Руфь: Ты согласна с тем, что несостоявшаяся беседа — это тоже в своём роде беседа?

Галя: Так рада слышать тебя! Конечно, я согласна. Только надо понять — когда и как (она не состоялась). У нас сейчас идут аварийные отключения электричества, думаю, в ближайшие пару дней они ещё будут длиться. В это время будет невозможно предсказать — когда у меня будет электричество и интернет, а когда нет. Вот сегодня свет дали только пару часов назад. Ты напиши, когда тебе самой удобно, а мы с электросетями Украины попробуем подстроиться 🙂 У меня есть Зум и Скайп, оба работают нормально, когда есть интернет.

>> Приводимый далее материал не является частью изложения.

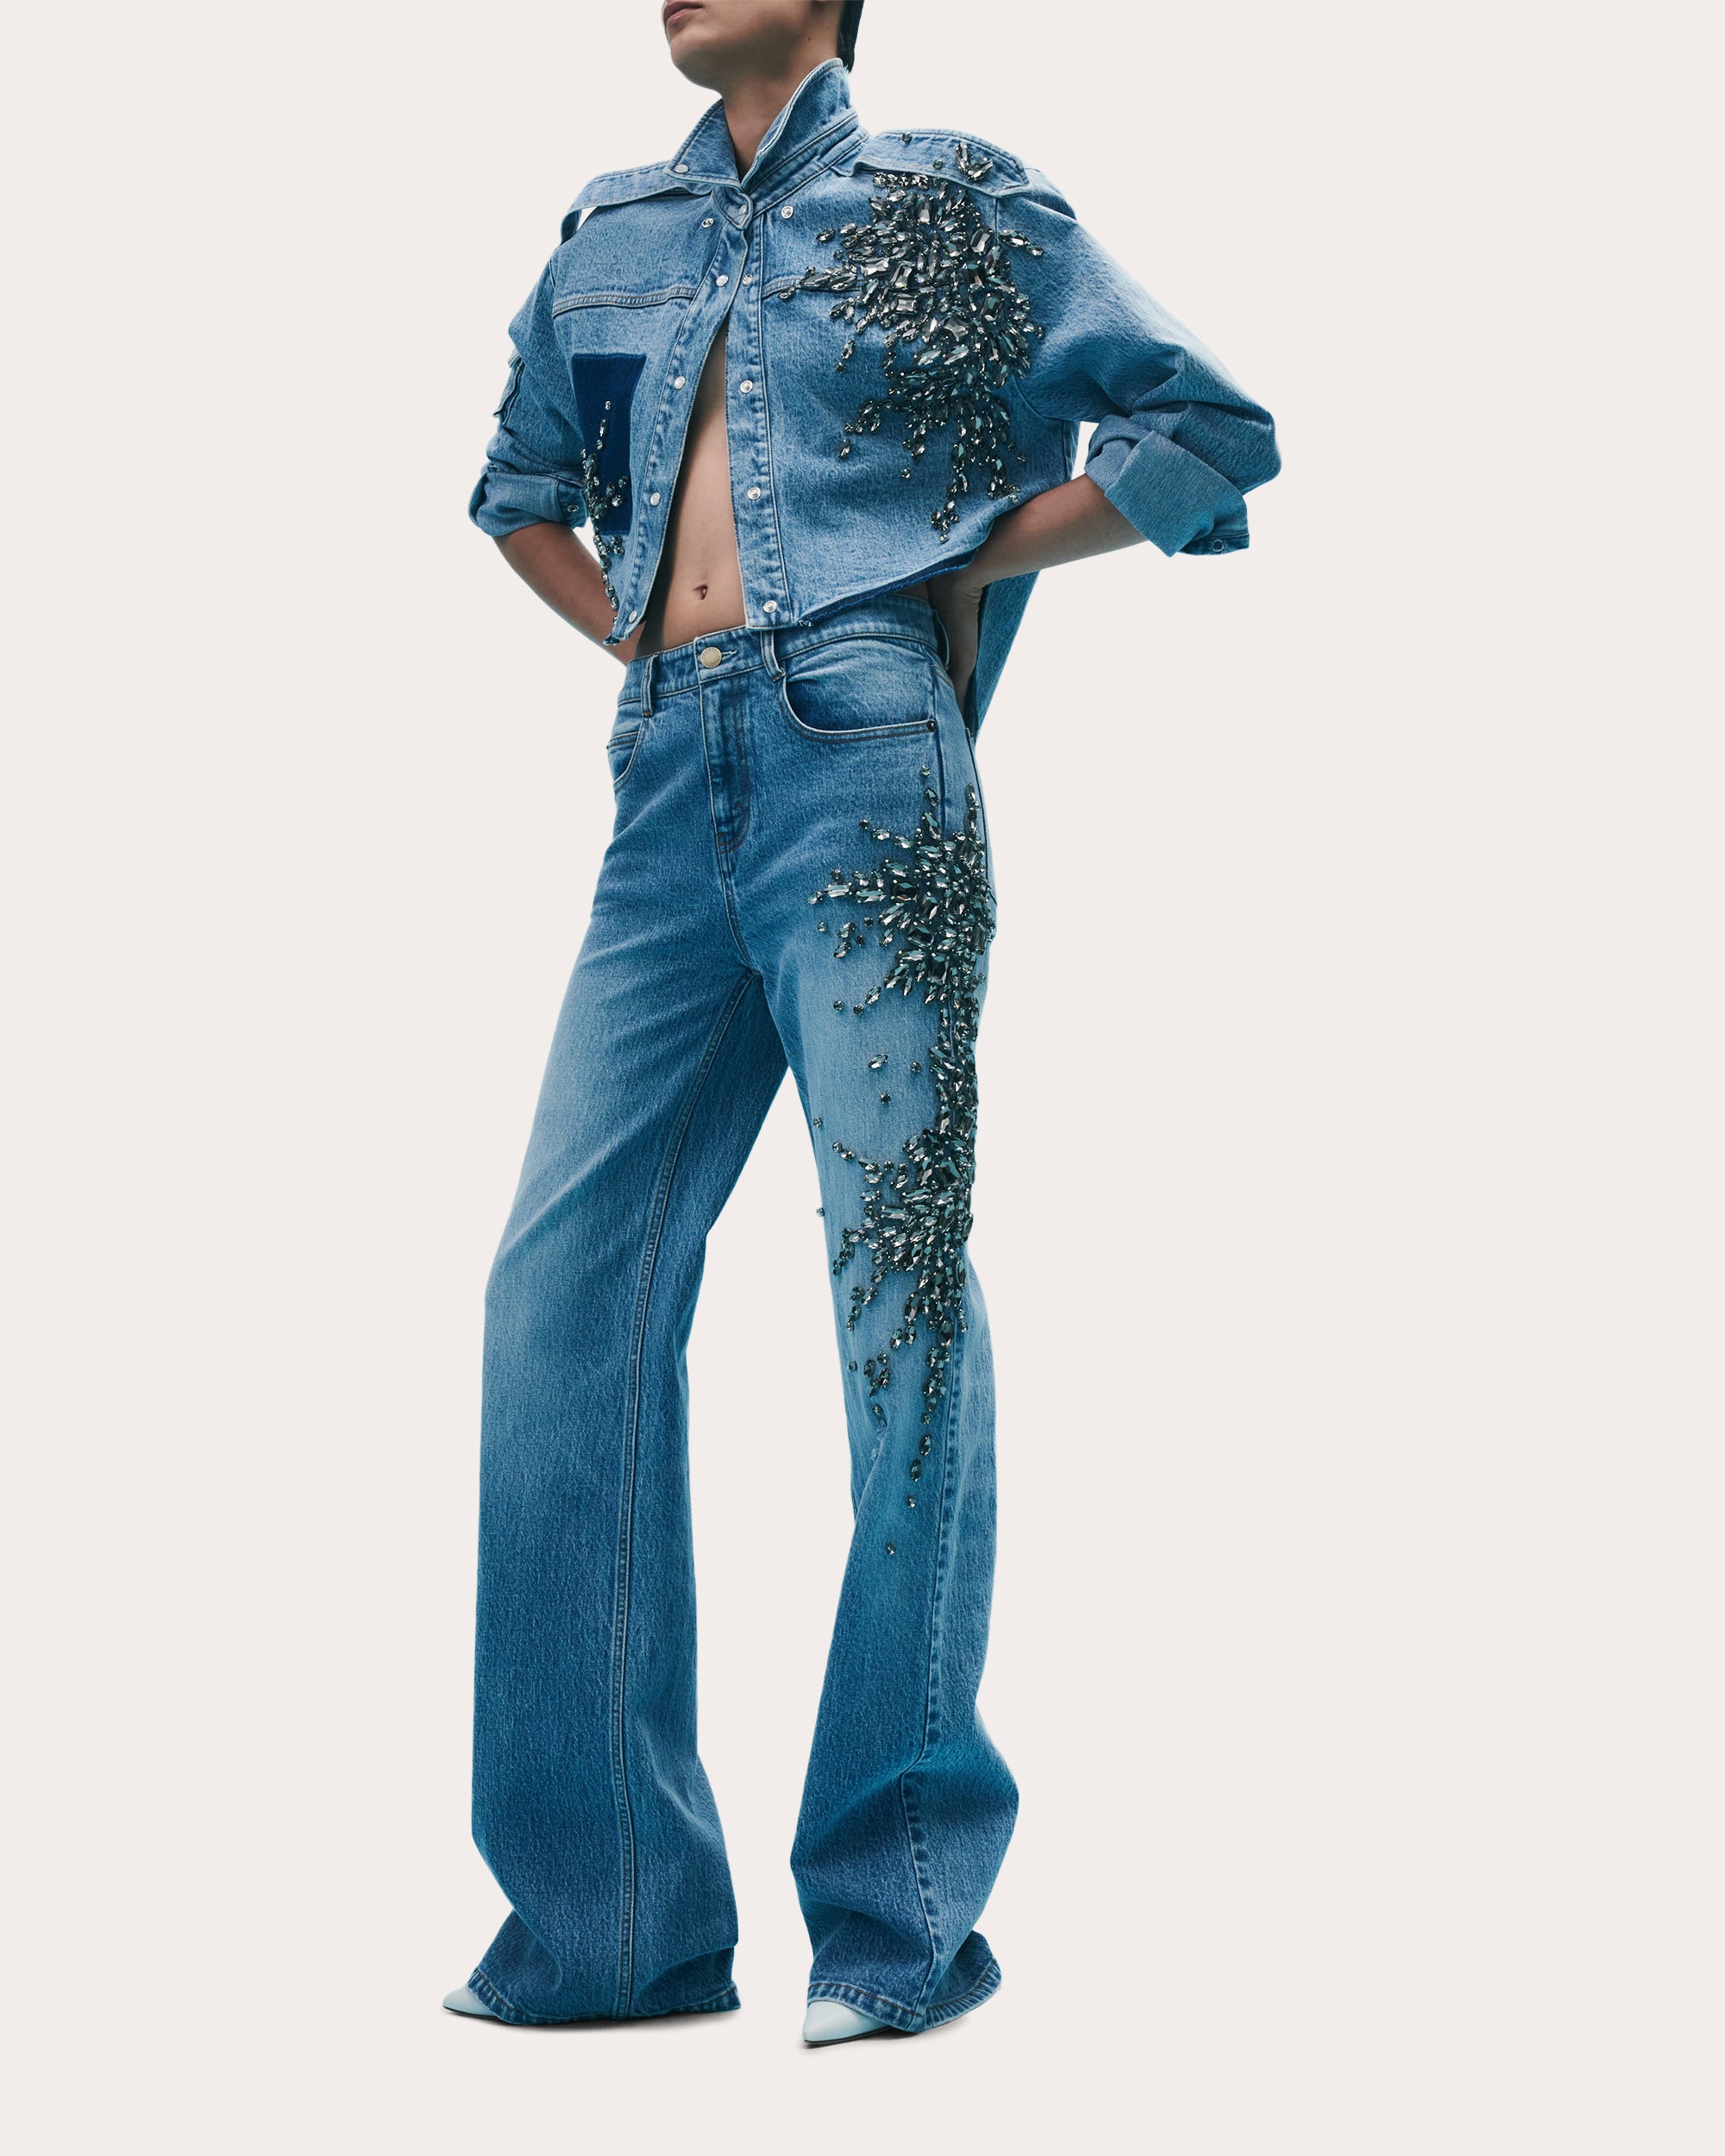 Martin Hellessy Jeans | OLIVELA Embellished

Но можно и по переписке говорить, если это удобно.

Руфь: Мысленно поддерживаю все ваши теплосети и электросети, включая и твои личные кровеносные теплосети и нейронные электросети! 🙂 Давай назначим день, а если не получится, назначим другой? Допустим, 3 или 4 декабря — как тебе? И какое время дня и ночи лучше? Возможно, мы решим, что одного раза недостаточно, или наоборот, слишком много. Я подумаю про очаги — и про сети, сети подключённые к очагам! — а ты можешь пока посмотреть гугл-документ. И потом напиши мне сразу, как только будет возможность! А я тебе. Завтра!

Галя: Хорошо!

Руфь: Видишь, вот завтра и наступило, а вместе с ним и новые ракетные удары по городам Украины. Разговор, который обрывается — это всё ещё разговор? О чём можно (в смысле — уместно, позволительно) говорить с теми, чьи города сейчас бомбят русские ракеты? Что спросить об ощущении дома, глядя на фото разрушенных жилых домов? Какие вопросы я могла бы придумать для тебя, кроме как: живы ли вы, целы ли ваши руки-ноги-головы, цел ли ваш квартал, есть ли у вас еда, вода, свет, тепло, медикаменты? Сколько градусов тепла осталось у вас в доме?

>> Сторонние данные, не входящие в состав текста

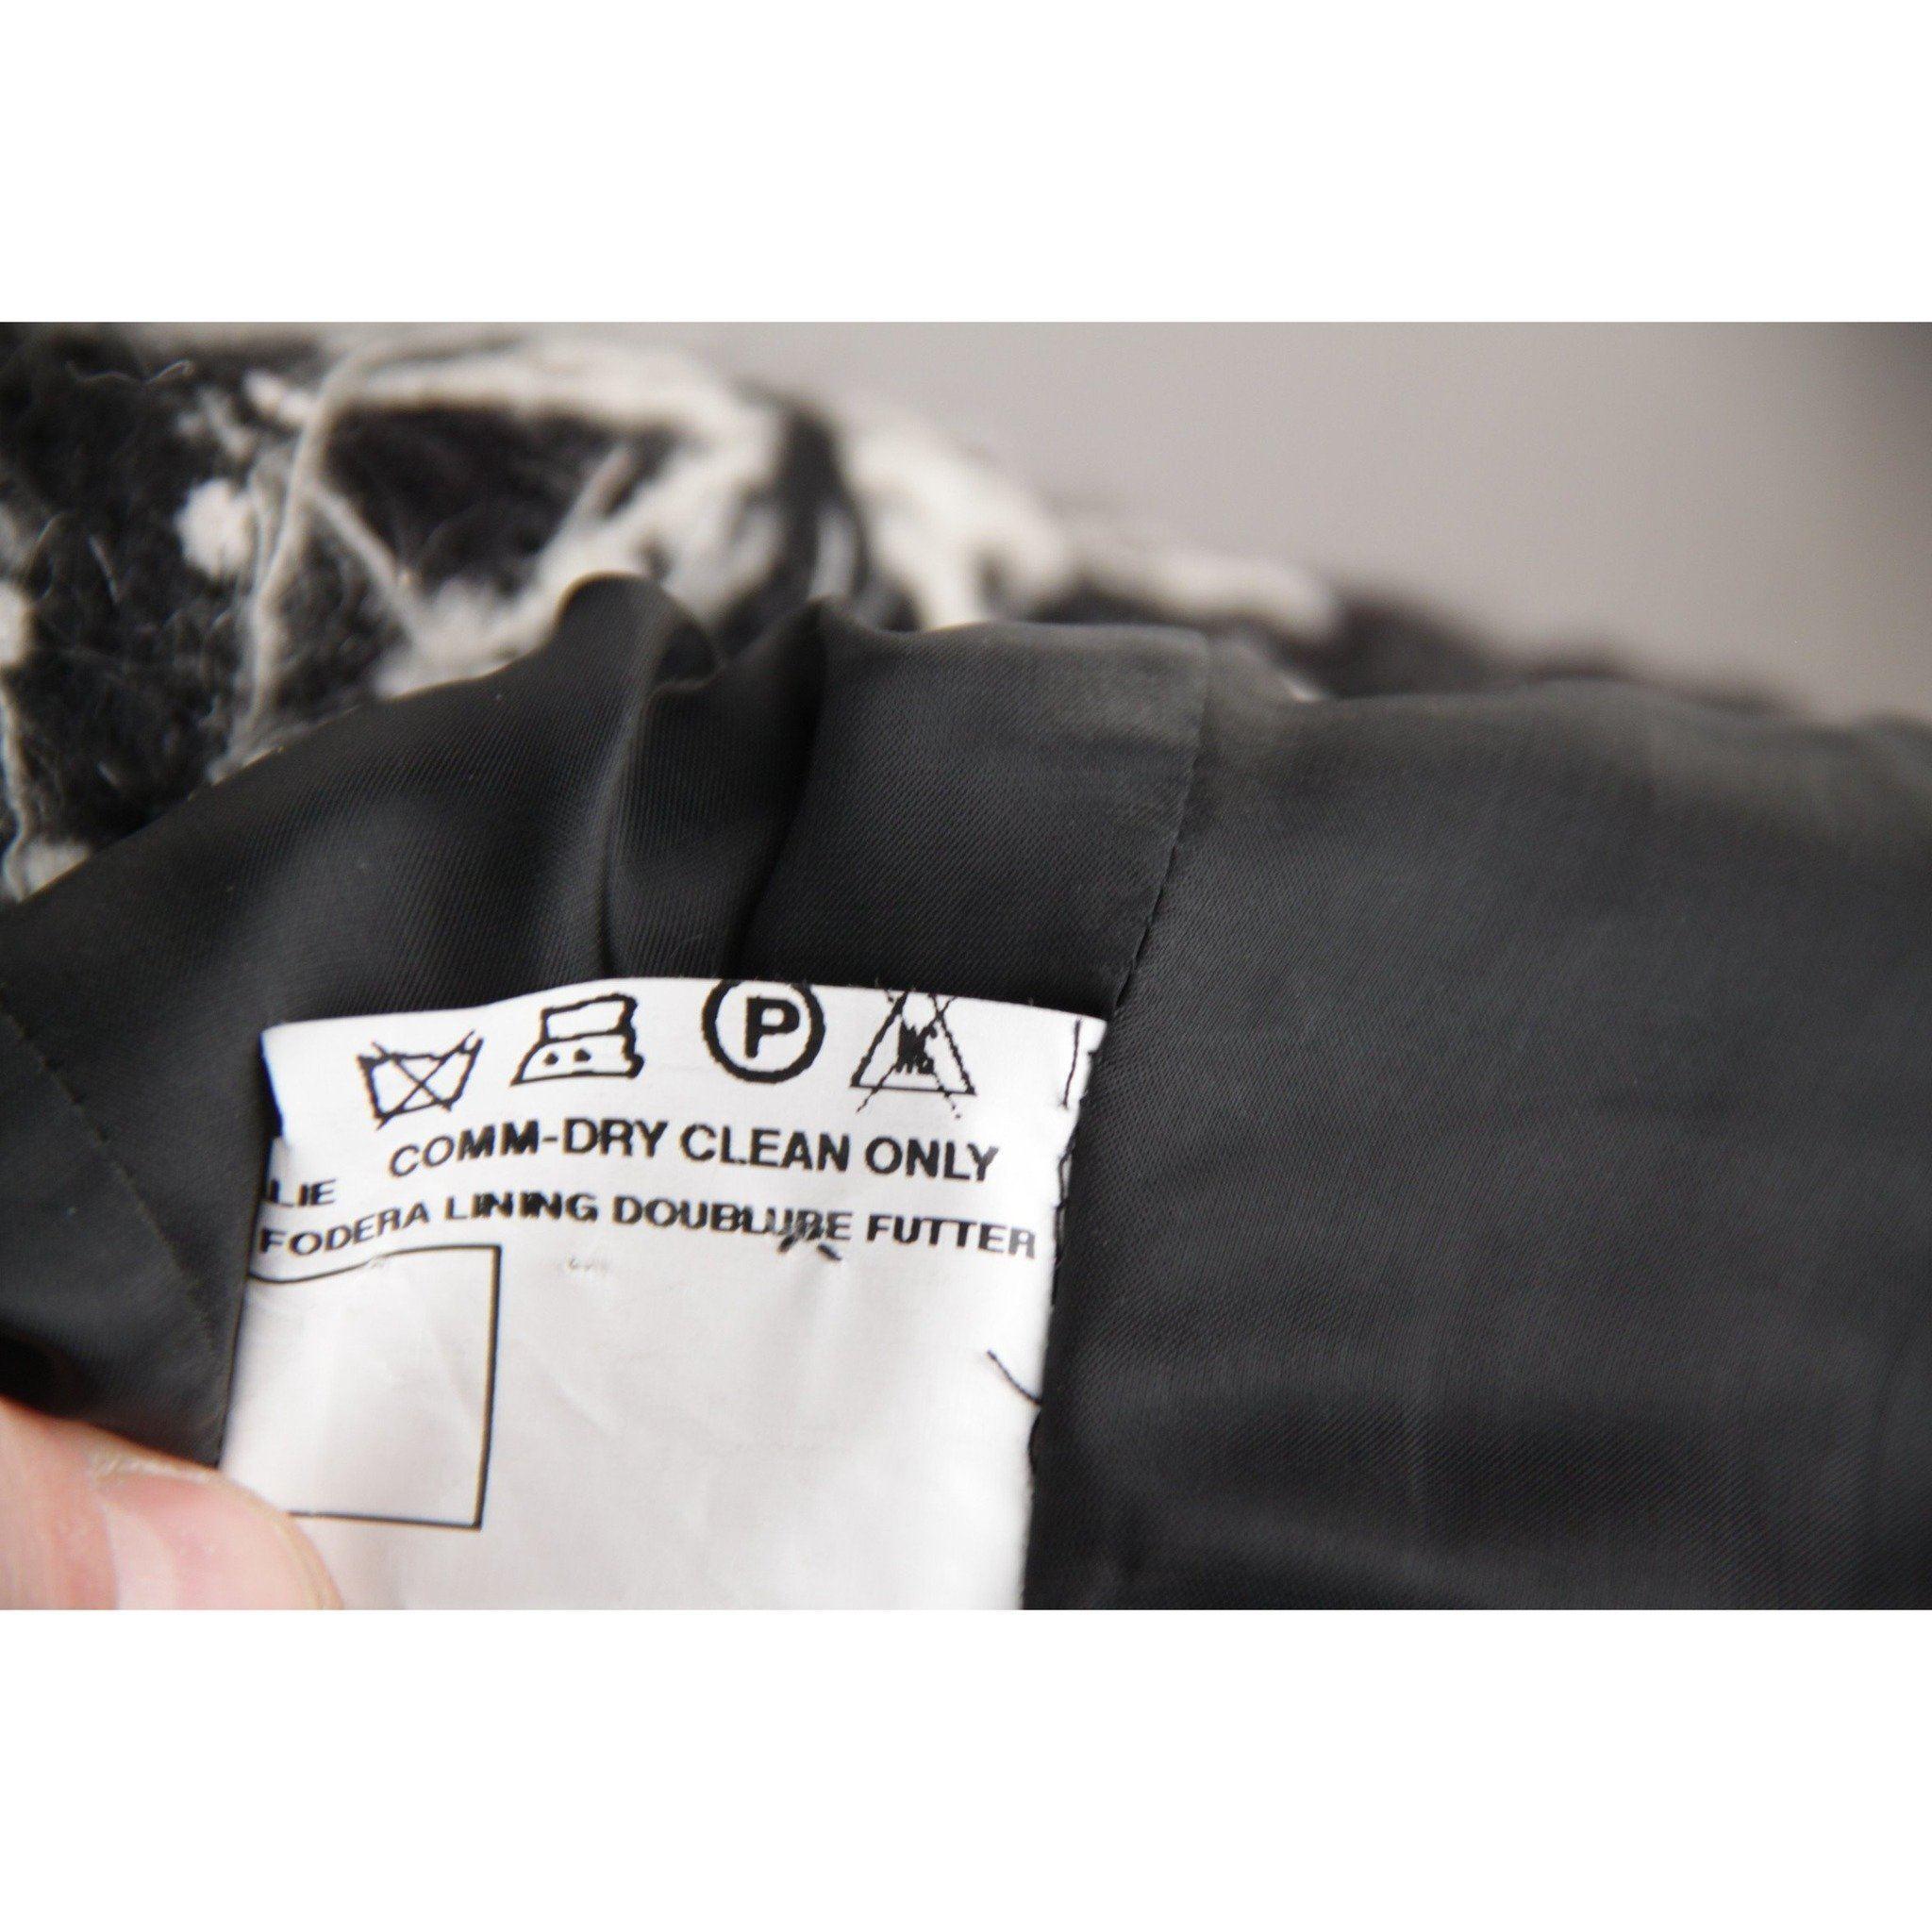 BATTISTONI ROMA Black & White Wool TEXTURED BLAZER Jacket SZ 42 1

Я не знаю как с чего начать: вы находитесь в условиях, непредставимых сейчас для людей типа меня, с которыми никогда ничего подобного не происходило. Поэтому я ощущаю все обращённые к тебе слова как неуместные, неадекватные, и мой второй вопрос был бы: позволительно ли нам говорить, словно бы не считаясь с реальностью, игнорируя или активно отодвигая её прочь из поля зрения? Мне кажется, я всегда так пыталась делать именно так — отсюда и неизбывное ощущение собственной не-вполне-адекватности. Как голландский художник Рензо Мартенс, задававший пострадавшим от войны в Чечне вопросы из серии «что вы думаете обо мне? насколько я привлекателен?» и т.д. [2]. Или тот спелеолог из рассказа Кортасара, который, совершая опасный спуск в пещеру с целью изучить её, сосредотачивается почему-то на изучении содержимого своей сумки и делает важное открытие: вместо бутербродов с сыром ему положили с ветчиной! [3]

Галя: Я пишу, чтобы есть сыр.

Руфь: Вот именно, ты ведь тоже делаешь так — отказываешь реальности в праве диктовать нам свои условия, — когда пишешь киберпанковские тексты о новой видах, возникающих на руинах, и о подземном молоке; об устройствах из огня и о тайной библиотеке книгосуществ; о квирных человекоангелах и о буч-панде; о блуждающих уличных университетах-животных и тысячелетних компьютерах леса. Обстоятельства жизни пытаются обессмыслить фантазии, ведь обстоятельства всегда сильнее, но фантазии не сдаются легко! Творчество должно быть как-то связано с этим упрямым нежеланием подчиняться тому, что сильнее тебя, с бунтом против действительности «как она есть на самом деле». Мне интересно, когда такое несовпадение с реальностью из когнитивного дефекта, неадекватности или шутки превращается в единственно верное решение — в ситуации, где никаких верных решений, казалось бы, и быть не может. Впрочем, иногда фантазия отказывается работать.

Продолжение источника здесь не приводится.